Then we need to project this forest to the target vocabulary by using the lexicon and the ITG template rules.
This is precisely the set \\(\mathcal D(x)\\) of our lecture notes.

In [65]:
Dx = libitg.make_target_side_itg(src_forest, lexicon)
print(Dx)

[X]:0-0 ||| 'a':0-0
[X]:0-0 ||| 'the':0-0
[X]:0-0 ||| [X]:0-0 [X]:0-0
[X]:0-2 ||| [X]:0-0 [X]:0-2
[X]:0-2 ||| [X]:0-2 [X]:0-0
[X]:0-2 ||| [X]:0-1 [X]:1-2
[X]:0-2 ||| [X]:1-2 [X]:0-1
[X]:0-2 ||| [X]:0-2 [X]:2-2
[X]:0-2 ||| [X]:2-2 [X]:0-2
[X]:3-3 ||| 'a':3-3
[X]:3-3 ||| 'the':3-3
[X]:3-3 ||| [X]:3-3 [X]:3-3
[X]:0-3 ||| [X]:0-1 [X]:1-3
[X]:0-3 ||| [X]:1-3 [X]:0-1
[X]:0-3 ||| [X]:0-2 [X]:2-3
[X]:0-3 ||| [X]:2-3 [X]:0-2
[X]:0-3 ||| [X]:0-0 [X]:0-3
[X]:0-3 ||| [X]:0-3 [X]:0-0
[X]:0-3 ||| [X]:0-3 [X]:3-3
[X]:0-3 ||| [X]:3-3 [X]:0-3
[X]:2-3 ||| [X]:2-2 [X]:2-3
[X]:2-3 ||| [X]:2-3 [X]:2-2
[X]:2-3 ||| 'black':2-3
[X]:2-3 ||| 'noir':2-3
[X]:2-3 ||| [X]:2-3 [X]:3-3
[X]:2-3 ||| [X]:3-3 [X]:2-3
[D(x)] ||| [S]:0-3
[X]:1-1 ||| 'a':1-1
[X]:1-1 ||| 'the':1-1
[X]:1-1 ||| [X]:1-1 [X]:1-1
[S]:0-3 ||| [X]:0-3
[X]:1-3 ||| [X]:1-1 [X]:1-3
[X]:1-3 ||| [X]:1-3 [X]:1-1
[X]:1-3 ||| [X]:1-3 [X]:3-3
[X]:1-3 ||| [X]:3-3 [X]:1-3
[X]:1-3 ||| [X]:1-2 [X]:2-3
[X]:1-3 ||| [X]:2-3 [X]:1-2
[X]:1-2 ||| [X]:1-1 [X]:1-2
[X]:

# Dealing with a translation observation

In training, we can observe translations, thus we need to constrain \\(\mathcal D(x)\\) to the set of derivations that in addition to \\(x\\) also produce our target observation \\(y\\).

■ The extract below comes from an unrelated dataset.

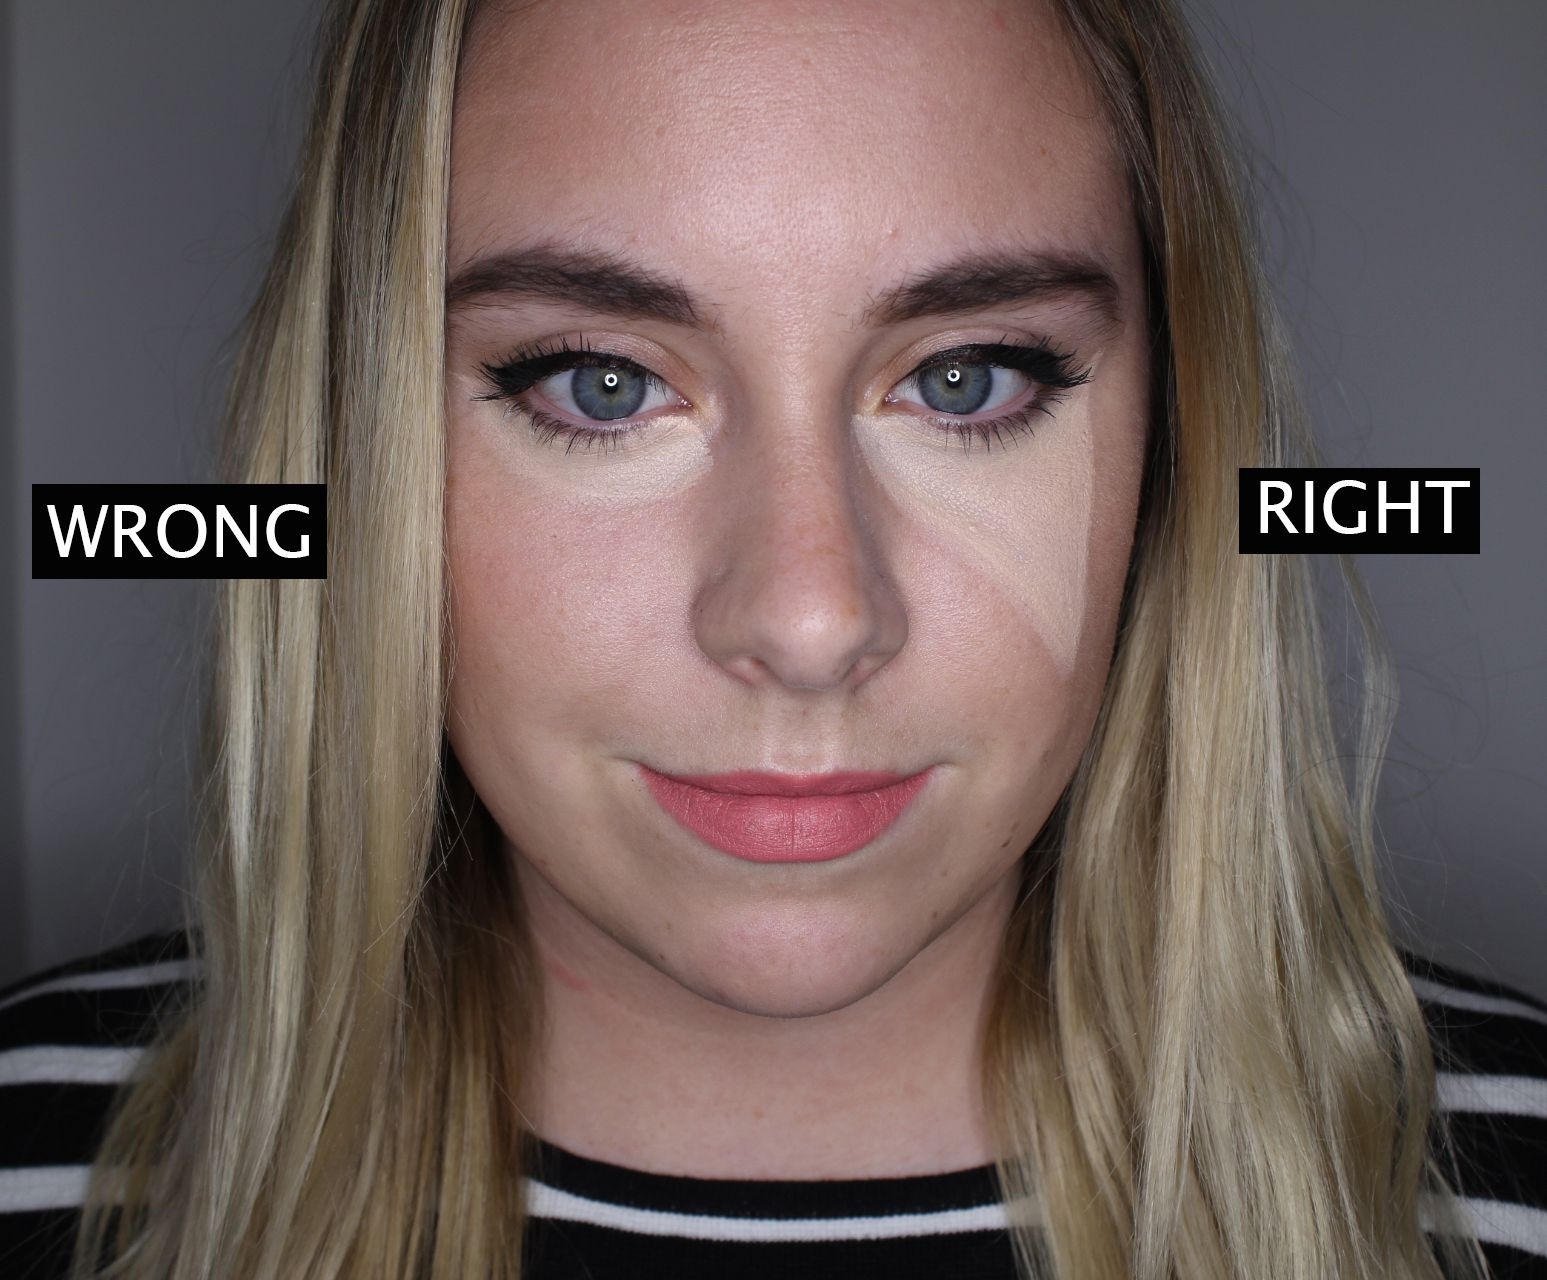 Eye Makeup To Make Small Eyes Look Bigger How To Make Your Eyes Look Bigger With And Without Makeup 10 Hacks

We do that by intersecting the forest for \\(\mathcal D(x)\\) with an automaton that represents \\(y\\).

That is, we first make an FSA for the target sentence:

In [66]:
tgt_fsa = libitg.make_fsa('the black dog')
print(tgt_fsa)

states=4
initial=0
final=3
arcs=3
origin=0 destination=1 label=the
origin=1 destination=2 label=black
origin=2 destination=3 label=dog


and then parse this FSA with the projected forest we got earlier from Earley.
The resulting forest will represent the set \\(\mathcal D(x,y)\\).

In [67]:
Dxy = libitg.earley(Dx, tgt_fsa,
                    start_symbol=Nonterminal("D(x)"), 
                    sprime_symbol=Nonterminal('D(x,y)'))
print(Dxy)

[X]:0-3:1-3 ||| [X]:2-3:1-2 [X]:0-2:2-3
[X]:0-3:1-3 ||| [X]:1-3:1-3 [X]:0-1:3-3
[X]:0-3:1-3 ||| [X]:0-1:1-1 [X]:1-3:1-3
[X]:2-3:1-2 ||| 'black':2-3:1-2
[X]:2-3:0-2 ||| [X]:2-2:0-1 [X]:2-3:1-2
[X]:2-3:0-2 ||| [X]:3-3:0-1 [X]:2-3:1-2
[X]:0-1:2-2 ||| '-EPS-':0-1:2-2
[X]:0-1:1-1 ||| '-EPS-':0-1:1-1
[X]:2-2:0-1 ||| 'the':2-2:0-1
[D(x)]:0-3 ||| [S]:0-3:0-3
[X]:3-3:0-1 ||| 'the':3-3:0-1
[X]:1-3:0-3 ||| [X]:3-3:0-1 [X]:1-3:1-3
[X]:1-3:0-3 ||| [X]:1-1:0-1 [X]:1-3:1-3
[X]:1-3:0-3 ||| [X]:2-3:0-2 [X]:1-2:2-3
[X]:1-2:2-3 ||| 'dog':1-2:2-3
[X]:1-1:0-1 ||| 'the':1-1:0-1
[X]:0-1:3-3 ||| '-EPS-':0-1:3-3
[S]:0-3:0-3 ||| [X]:0-3:0-3
[D(x,y)] ||| [D(x)]:0-3
[X]:0-1:0-0 ||| '-EPS-':0-1:0-0
[X]:0-3:0-3 ||| [X]:2-3:0-2 [X]:0-2:2-3
[X]:0-3:0-3 ||| [X]:0-1:0-1 [X]:1-3:1-3
[X]:0-3:0-3 ||| [X]:0-0:0-1 [X]:0-3:1-3
[X]:0-3:0-3 ||| [X]:1-3:0-3 [X]:0-1:3-3
[X]:0-3:0-3 ||| [X]:3-3:0-1 [X]:0-3:1-3
[X]:0-3:0-3 ||| [X]:0-1:0-0 [X]:1-3:0-3
[X]:0-2:2-3 ||| [X]:1-2:2-3 [X]:0-1:3-3
[X]:0-2:2-3 ||| [X]:0-1:2-2 [X]:1-2:2-3
[

In [68]:
# this is just to illustrate that ref_forest accepts a single target (English) string
libitg.language_of_fsa(libitg.forest_to_fsa(Dxy, Nonterminal('D(x,y)')))

{'the black dog'}

# Length constraint

In order to learn our CRF for maximum likelihood we need to compute the gradient of the log-likelihood.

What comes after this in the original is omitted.